Marx, 1866’da, I. Enternasyonal’in (Uluslararası İşçiler Birliği’nin) ilk kongresine sunduğu “Geçici Genel Konsey Delegelerine Talimatlar- Çeşitli Sorunlar” başlıklı belgede, sanayinin çocukları, toplumsal üretime katma eğilimini “ilerici, sağlıklı ve meşru bir eğilim” olarak değerlendiriyor. “Modern sanayiin her iki cinsiyetten çocukları ve gençleri toplumsal üretim denen o büyük işe katma yolundaki eğilimini, sermayenin egemenliği altında, bu, tiksindirici bir biçimde çarpıtılmış olsa da, ilerici, sağlıklı ve meşru bir eğilim olarak görüyoruz.” Kuşkusuz sermaye, çocuk emeğini, kendi lehine sömürü aracı olarak; çalışma alanlarına çekiyor. Yoksulluğu yaratmakla, çocukları ailelerinin isteğiyle çalışmaya zorunlu kılıyor. Ne var ki, geleceğin gelişkin bireylerinin yetiştirilme nüveleri de gelişen sanayide bulunuyor. Bu nedenle de, çocuk emeğinin bütünüyle üretimden dışlanması düşüncesi uygun bir düşünce değildir.
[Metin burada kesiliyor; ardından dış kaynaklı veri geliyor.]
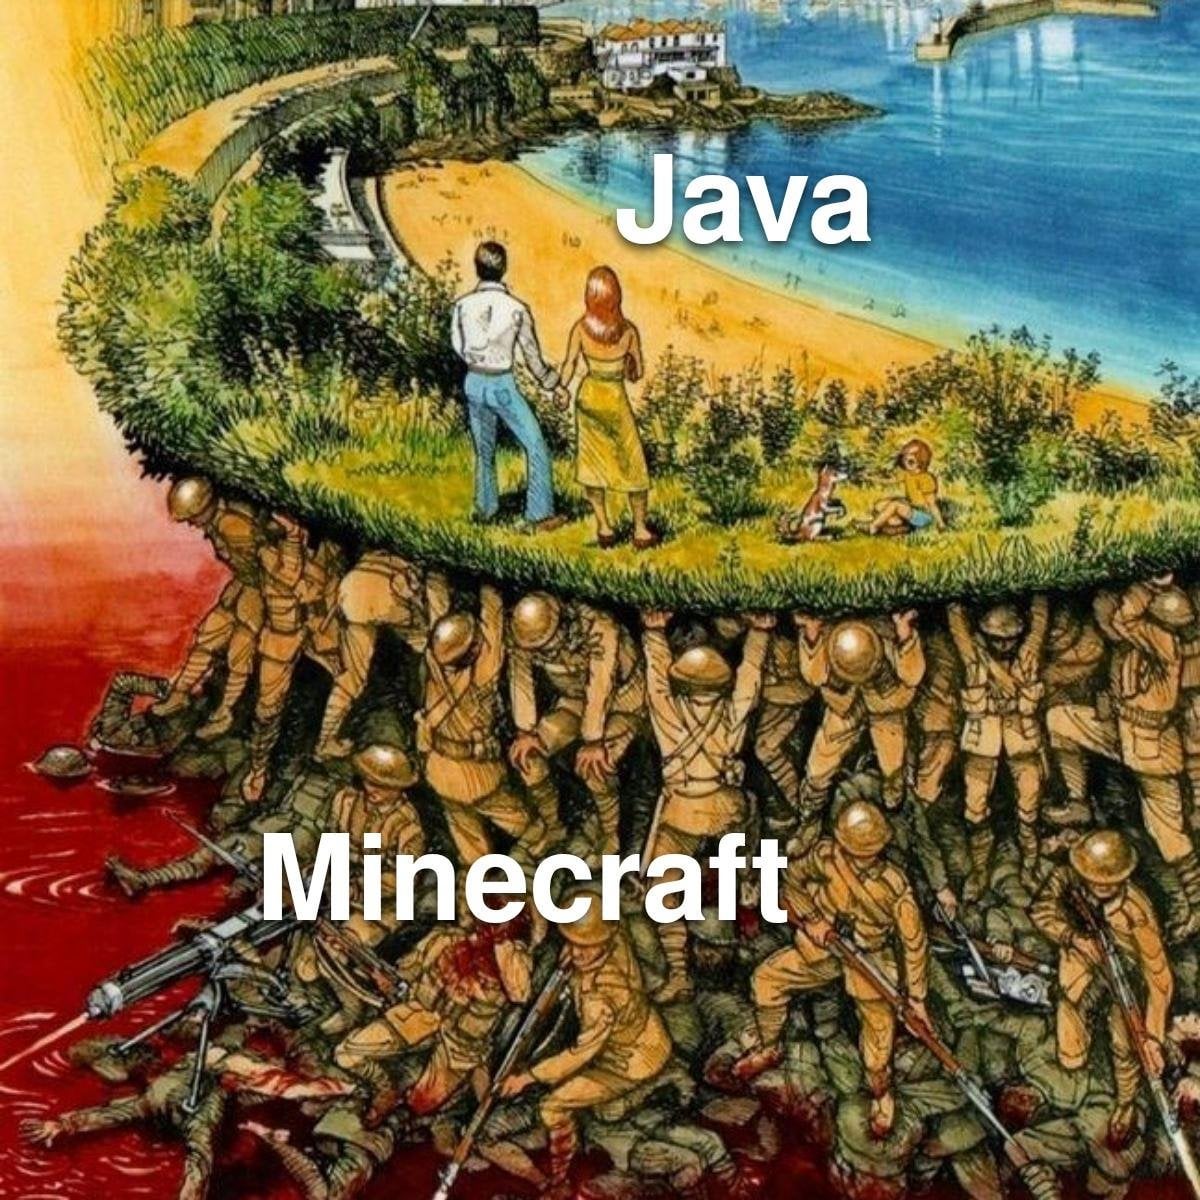 Minecraft Memes - Java Edition's demise = Java's downfall
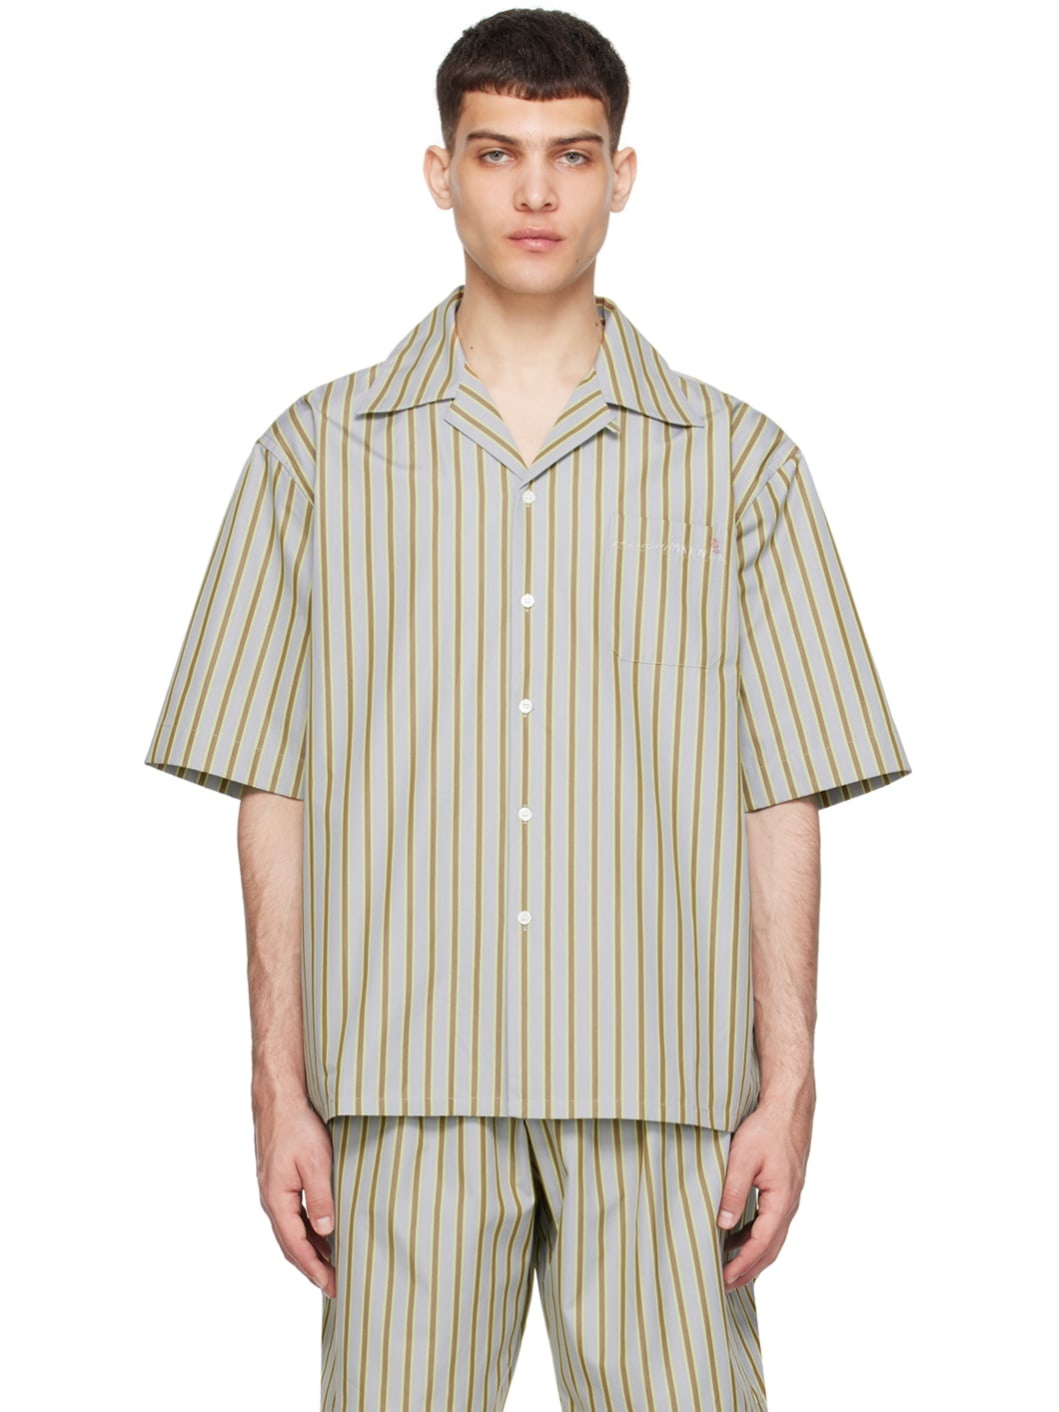 Brown & Gray Striped Shirt - 1

Çocuk emeğinin, bütünüyle üretimden dışlanmasını uygun bulmayan Marx, Çocuk çalışmasının, çocuğun yaşına göre düzenlenmesi gerektiğine vurgu yapıyor. Sınırlamayı, erkek ve kız çocukları ayırt etmeksizin, üç yaş grubuna ayırıyor. Şöyle ki, “Birinci grup 9-13 yaş, ikincisi 13-15 yaş arasını, üçüncüsü de 16 ve 17 yaşlarını kapsar.” Bu yaş grubuna göre, çocukların çalıştırılmasını sınırlama önerisi ise şöyledir: “Birinci grubun herhangi bir atölyedeki ya da evdeki çalışmasının yasal olarak iki, ikinci grubunkinin dört, ve üçüncü grubunkinin de altı saatle sınırlandırılmasını öneriyoruz. ” Ayrıca “Üçüncü grup için, yemek ve dinlenme için, en az bir saatlik bir ara olmalıdır.” Çocuğun kısıtlanmış çalışmasının gerekliliğini düşünen Marx, çocukların gece işinde ve özellikle de, sağlığa zararlı işlerde çalıştırılmamaları gerektiğini belirtiyor: “ 9-17 (dahil) yaşlar arasındaki herkesin, gece işlerinde ve sağlığa zararlı işlerde çalıştırılmalarının yasa ile kesinlikle yasaklanması gerektiği açıktır.” Marx’ın düşündüğü, çocukların yaşına göre sınırlandırılmış bir çalışmadır. Bu sınırlama, devletin gücüyle dayatılan yasalarla gerçekleşecektir.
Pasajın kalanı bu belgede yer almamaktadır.